Segment Open

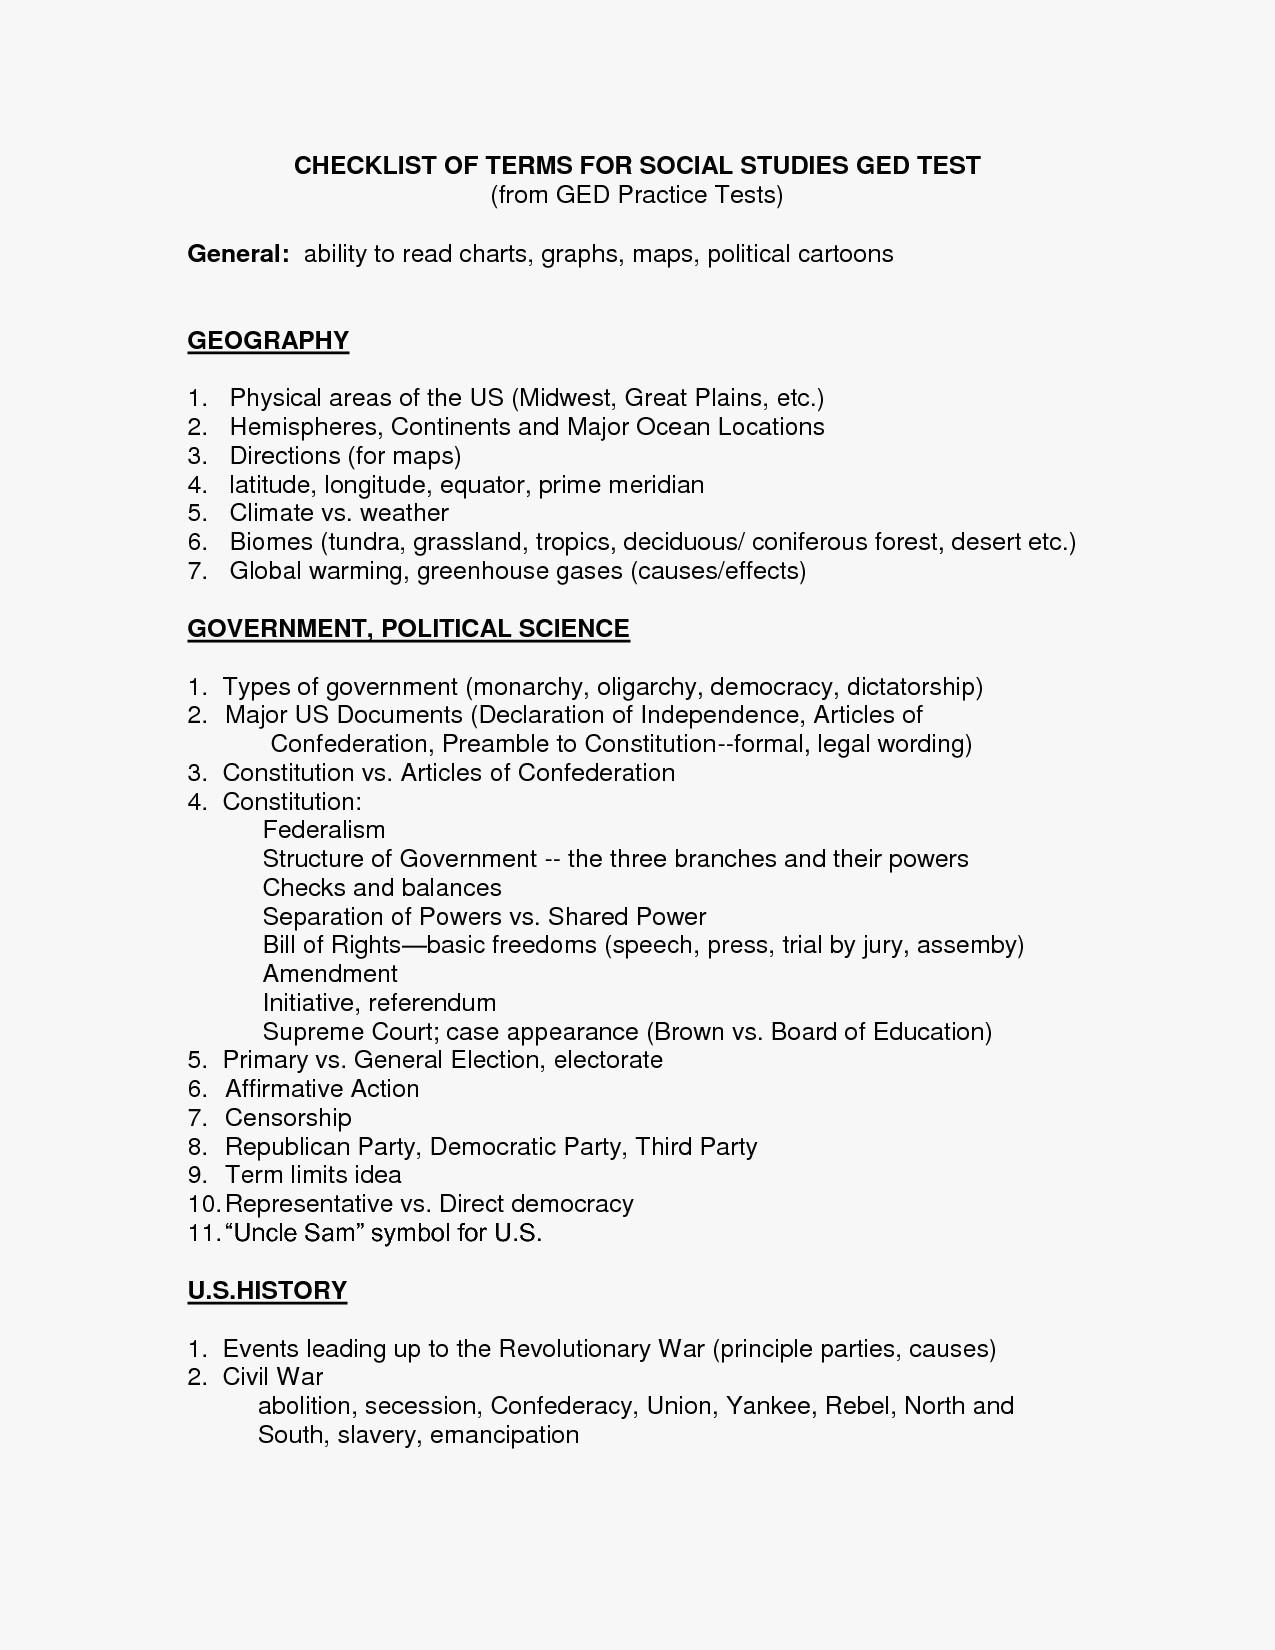 Free Printable Ged Math Worksheets Ged Tasc Class - Classy World | Free Printable Ged Science Worksheets
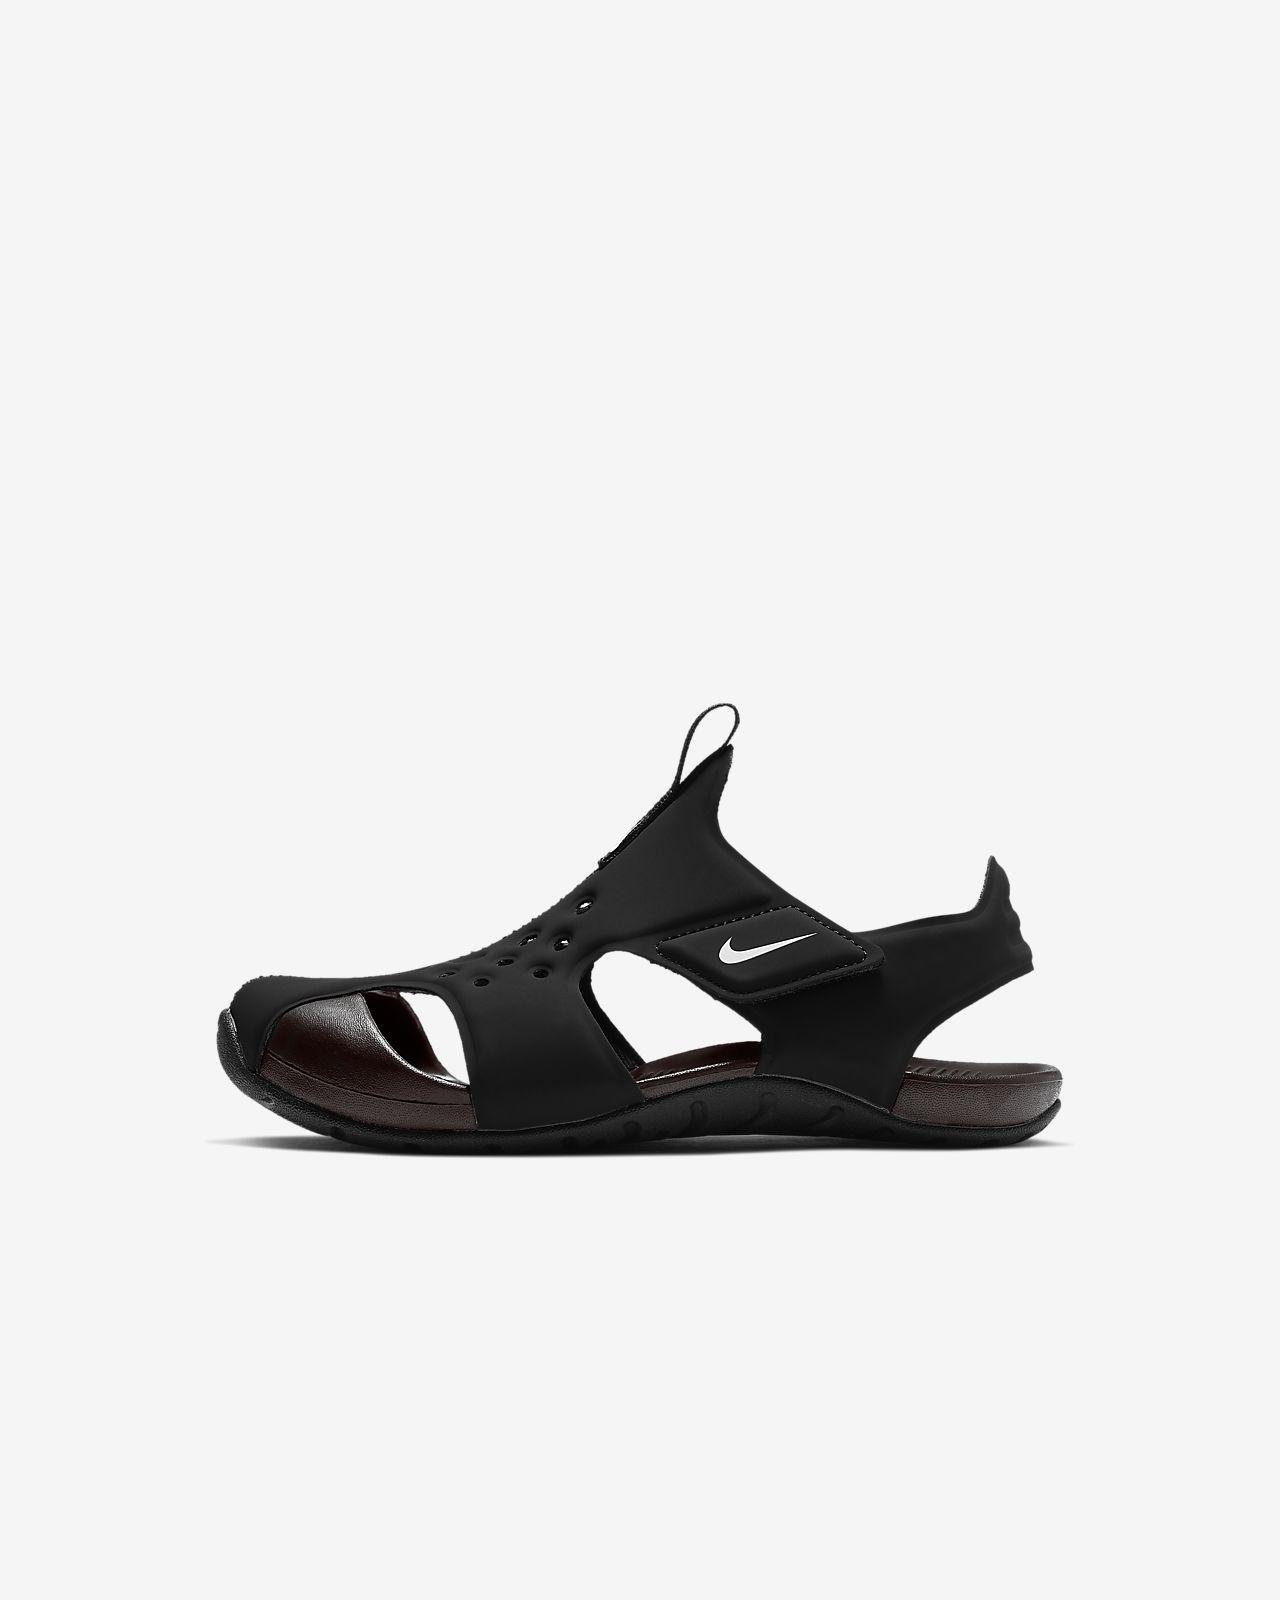 Nike Sunray Protect 2 Sandalias - Niño/a pequeño/a
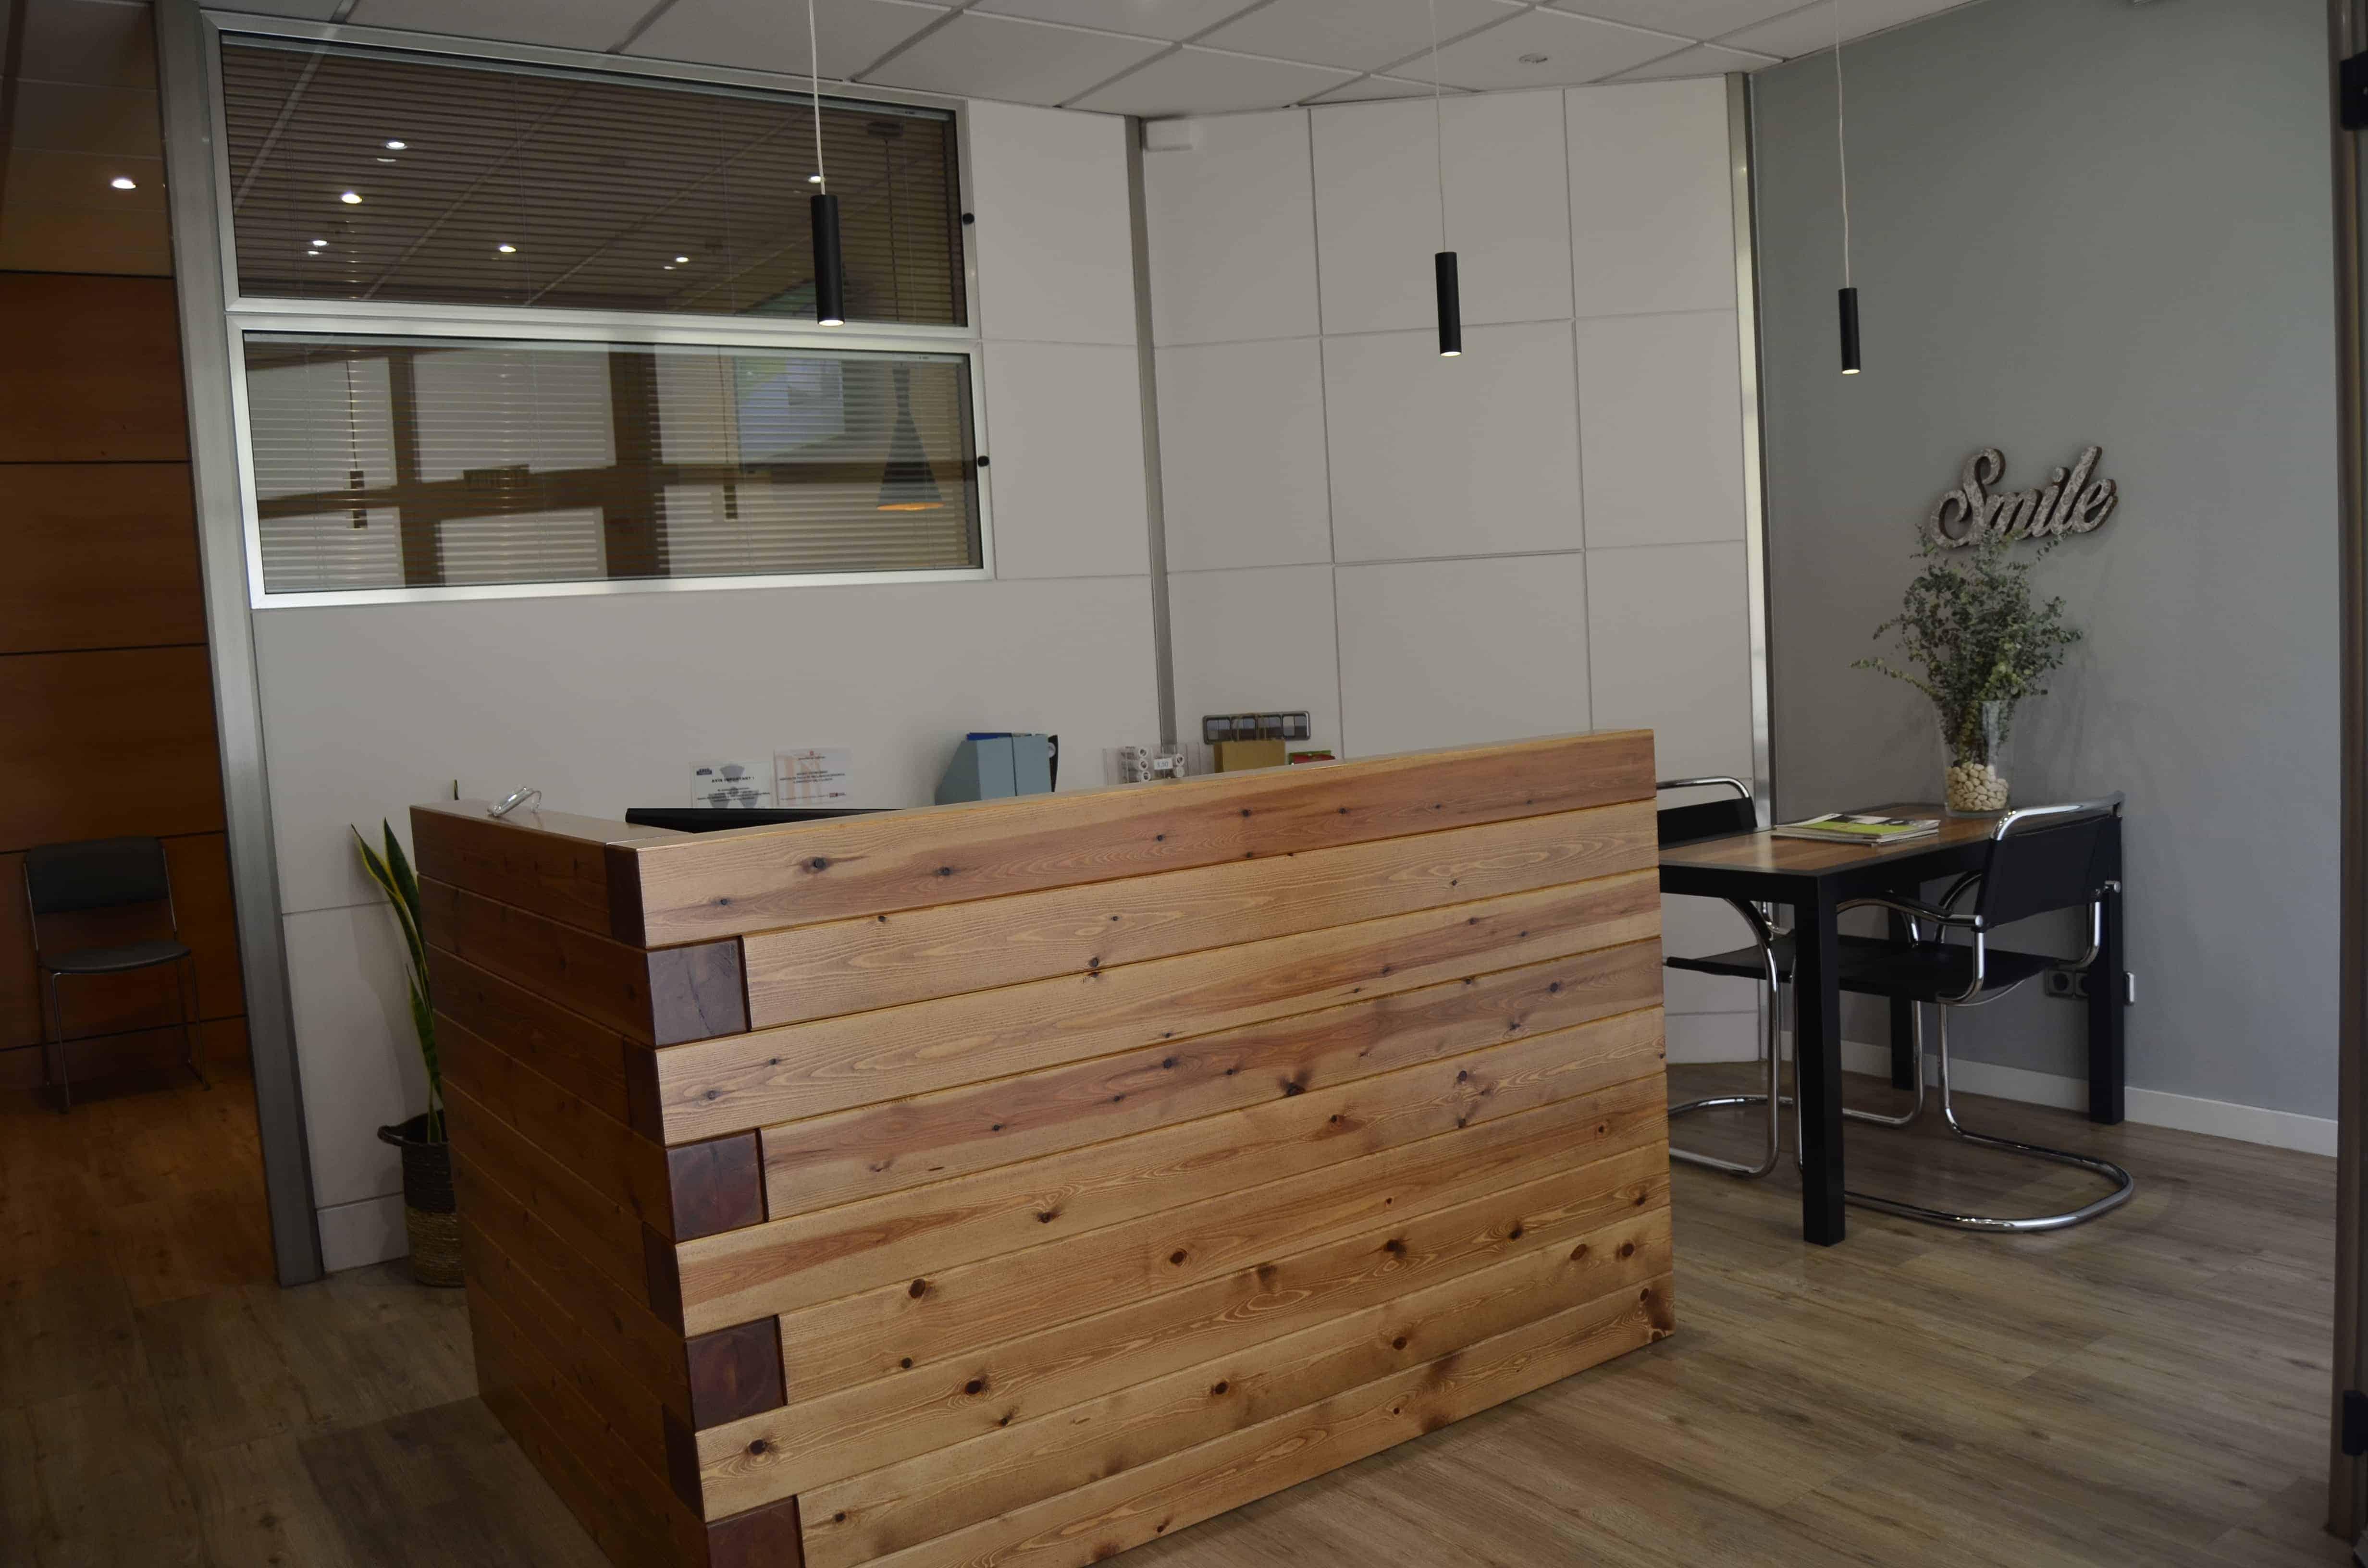 mostrador recepción clínica dental madera

Segment Closed

Action item:
Only the lines from the one containing "Nike Sunray Protect" through the last line of the data may appear in the answer, each given again exactly and with pictures left out.

Your solution:
 Nike Sunray Protect 2 Sandalias - Niño/a pequeño/a
 mostrador recepción clínica dental madera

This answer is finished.